Sculptor born in Glasgow, now based in Amsterdam. He first attended Winchester College, before going on to Christ’s College, Cambridge, to study zoology, specialising in animal behaviour and evolution. Having learnt to sculpt at school, he further developed his skills as a sculptor in his spare time from his university studies, casting and exhibiting limited edition bronze sculptures. After graduating in 2005, he set up his own studio in Cambridge and began sculpting full-time. In 2009–10, he took part in an eight-month circumnavigation voyage aboard a three-masted clipper, working as ship’s artist and photographer for a Dutch-Flemish television documentary series, Beagle: In het kielzog van Darwin (‘Beagle: In Darwin’s wake’), retracing the route described by Darwin in his Voyage of the Beagle (published 1839). In 2012, Smith was awarded a Shackleton Scholarship to visit the Falkland Islands as artist-in-residence; and this was followed, in 2013, by two months on South George, again as artist-in-residence, this time at the invitation of the South Georgia Heritage Trust.
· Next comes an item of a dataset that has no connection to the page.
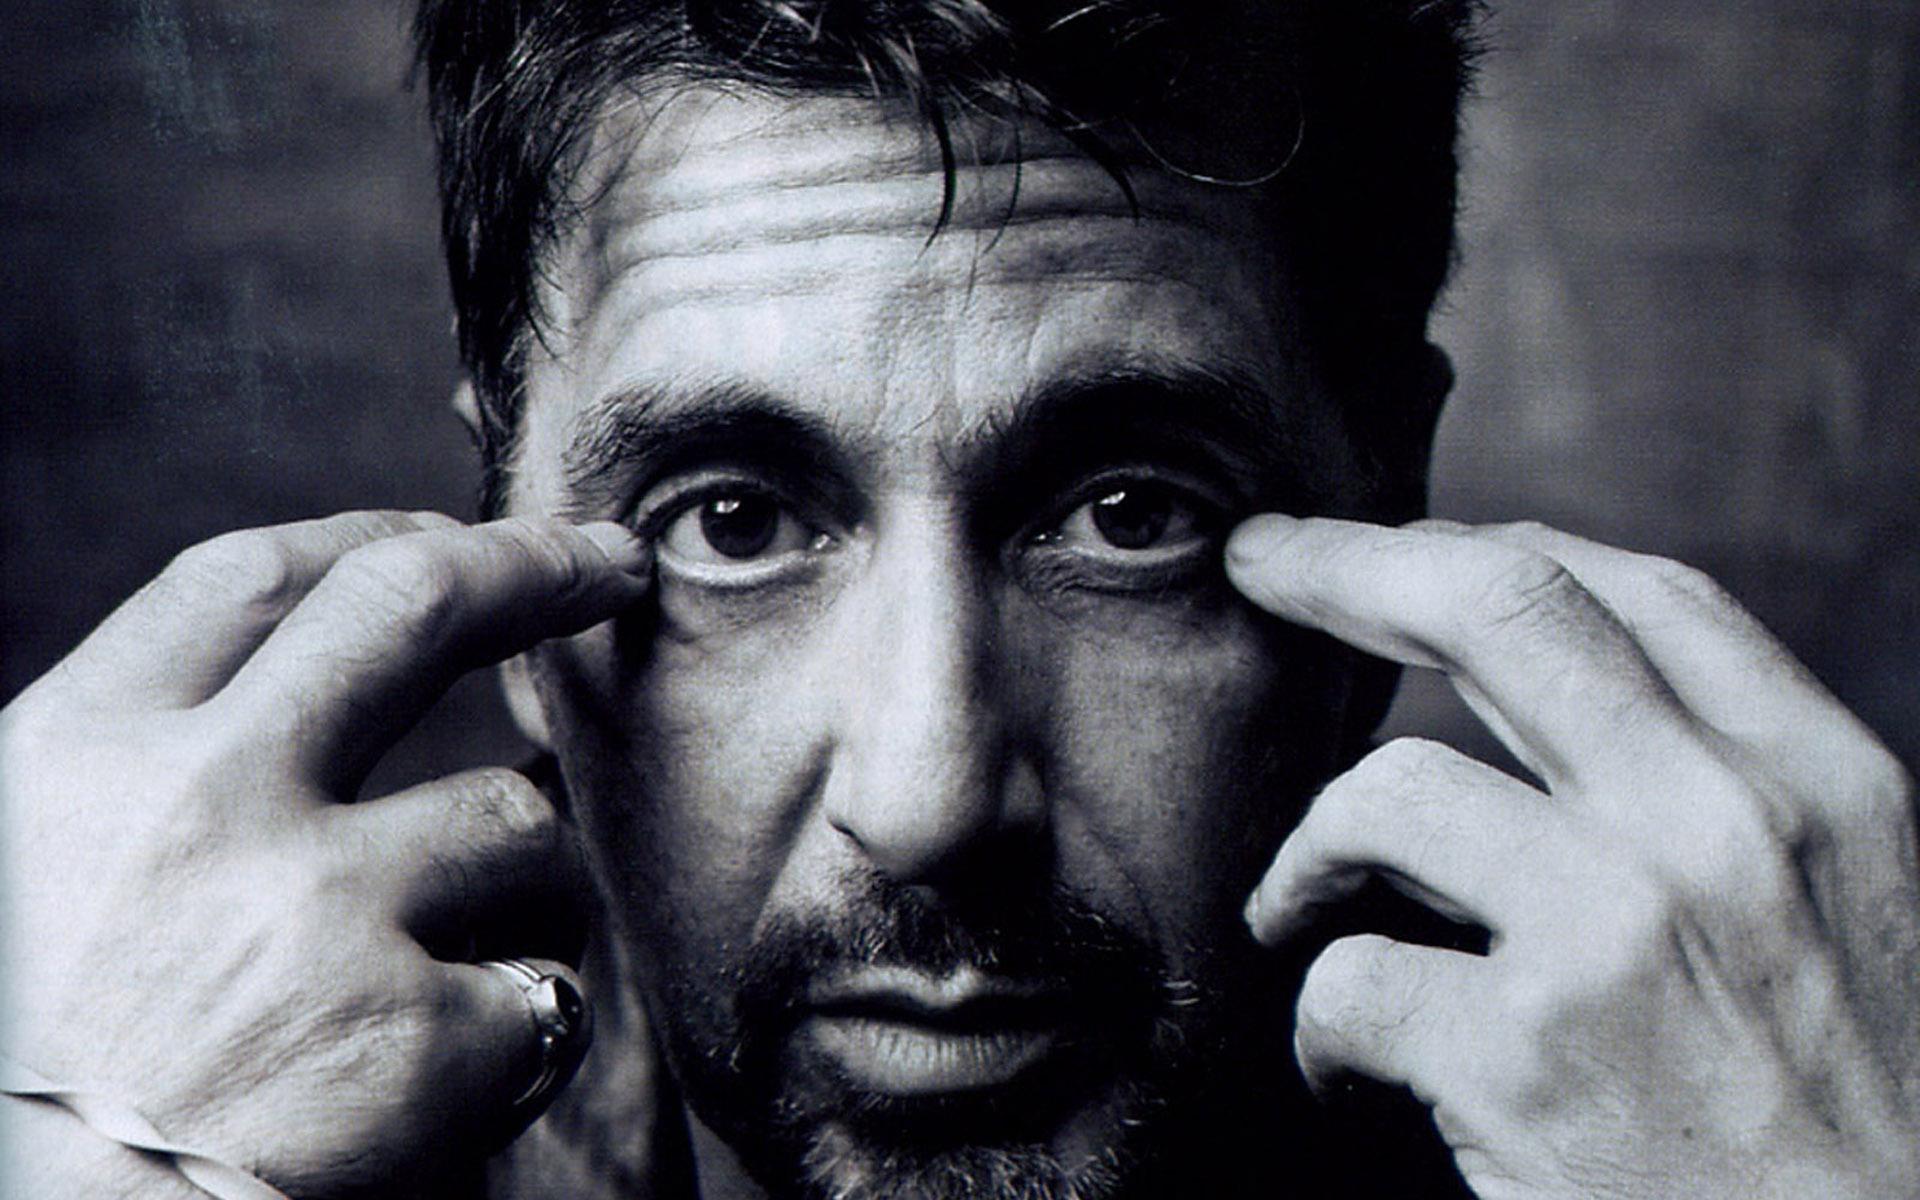 Al Pacino - Al Pacino Wallpaper 4k - HD Wallpaper

Smith is now based in Amsterdam. His first major commission was for a portrait bust of Carl Linnaeus for the Linnean Society of London (2007). His statue of the young Charles Darwin was unveiled by the Duke of Edinburgh at Christ’s College, Cambridge, in 2009 (shortlisted for the PMSA Marsh Award for Excellence in Public Sculpture) and his statue of Alfred Russel Wallace was unveiled by Sir David Attenborough in the Natural History Museum in 2013. Smith is an ARBS and a fellow of the Linnean Society.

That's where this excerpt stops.